PMG DeJoy declares USPS rate increases will continue
Washington Postal Scene by Bill McAllister
Postmaster General Louis DeJoy can be disarmingly candid at times.
That was the case May 5 when he expressed delight that Congress finally had removed some of the financial shackles it had placed on the United States Postal Service.
But he followed that with a blunt caution that he is not about to slack off on his requests for higher postal rates.
“While the impact of the Postal Reform Legislation is helpful — this is approximately a $50 billion dollar offset against a projected $160 billion dollar 10 year loss,” DeJoy said.

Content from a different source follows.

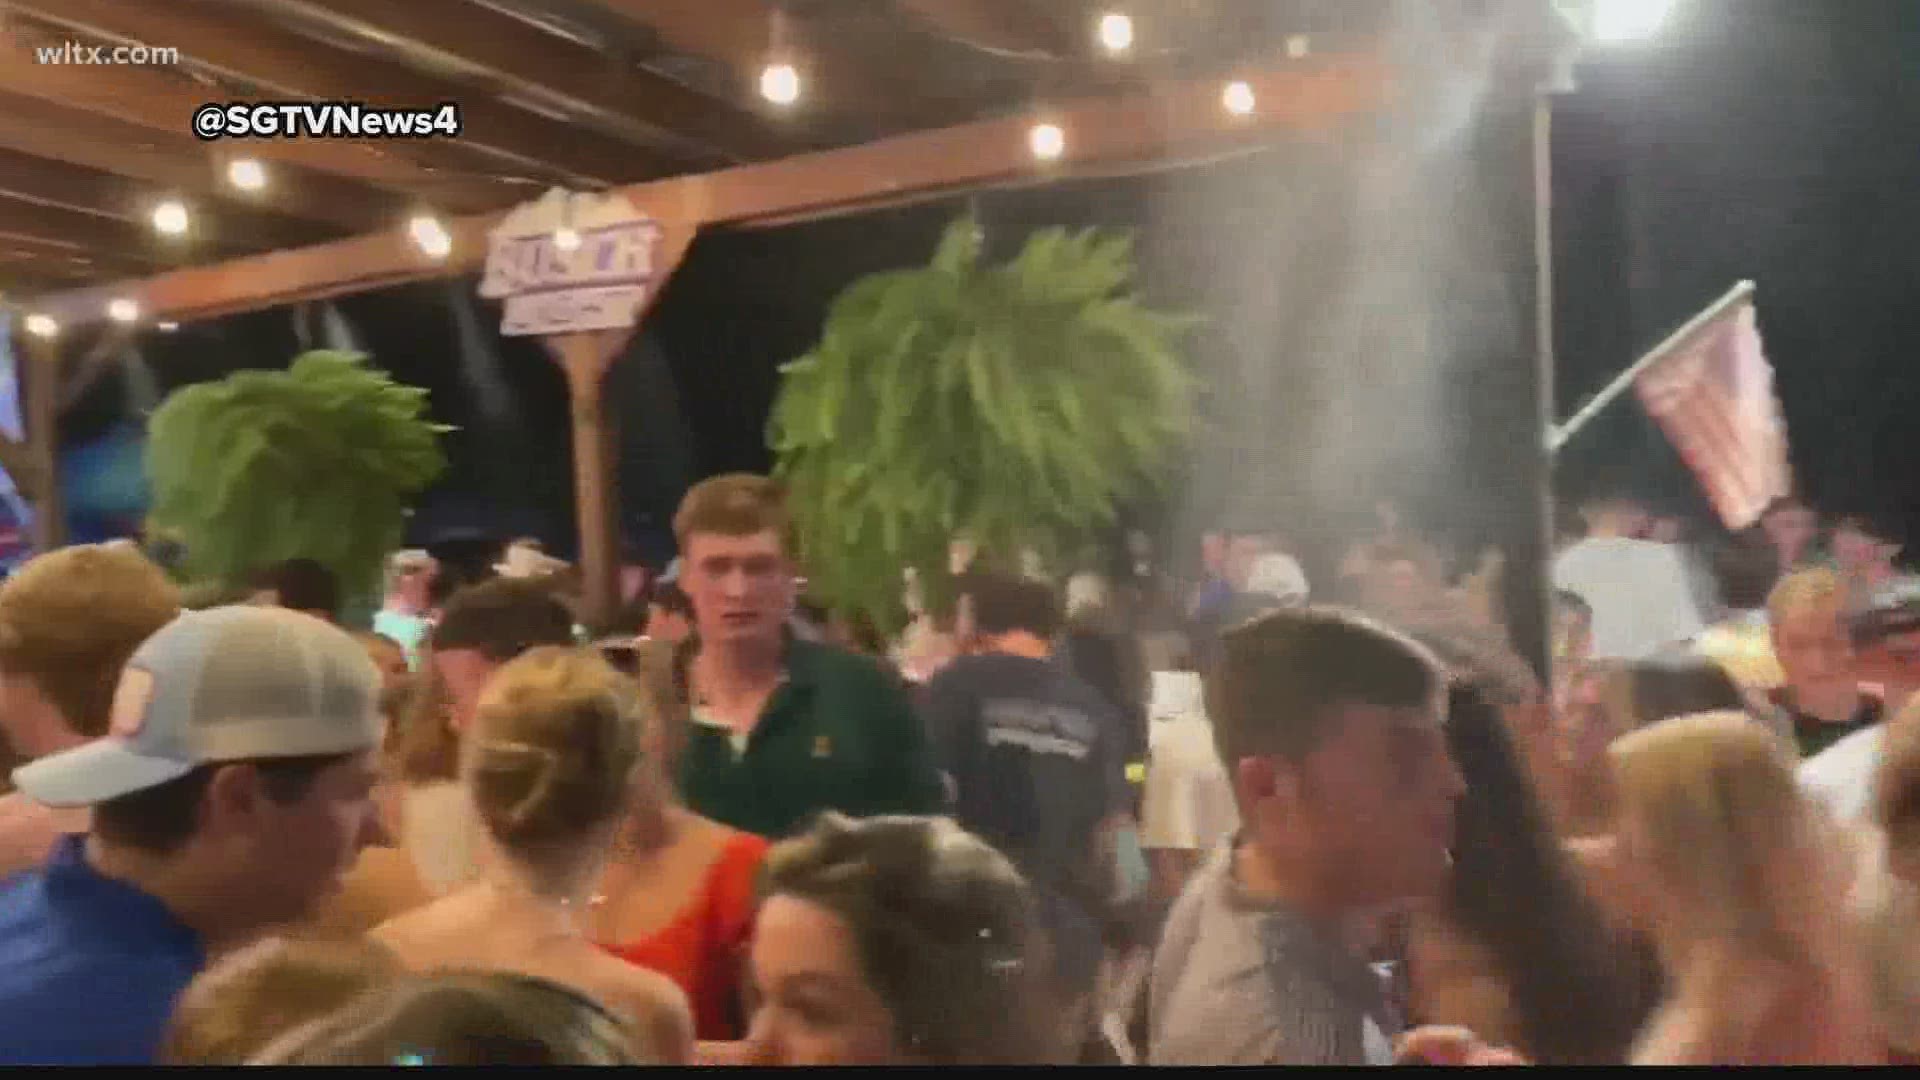 Videos of dozens of young people crowding at a Columbia bar are circulating on social media

That means, the postmaster general said, “there is a lot left to do.”
And DeJoy made clear the USPS is going to continue to be revenue hungry.
“While our pricing decisions are ultimately made under the authority of the Board of Governors, in the near term, I will most likely be advocating for these increases,” he said
That was bad news for some large mailing groups that have been urging DeJoy to go slower on rate increases.
“The mailing industry needs to be prepared for continued use of our authority to raise prices on market-dominant products at an uncomfortable rate until such time as we have accomplished our objective of projecting a trajectory that shows us becoming self-sustaining, as required by law,” the postmaster general said.
DeJoy’s comments were made at the May 5 board of governors meeting where officials disclosed how first-class mail revenues are rising while first-class mail volumes are continuing to plummet.
During the second quarter of fiscal year 2022 which ended March 31, the USPS had first-class mail revenues of $6.2 billion, up from $5.9 billion in the same quarter of fiscal 2021, a 5 percent gain.
First-class mail volume fell 0.6 percent “due to continuing migration from mail to electronic communication and transaction alternatives,” the Postal Service said in a May 5 news release.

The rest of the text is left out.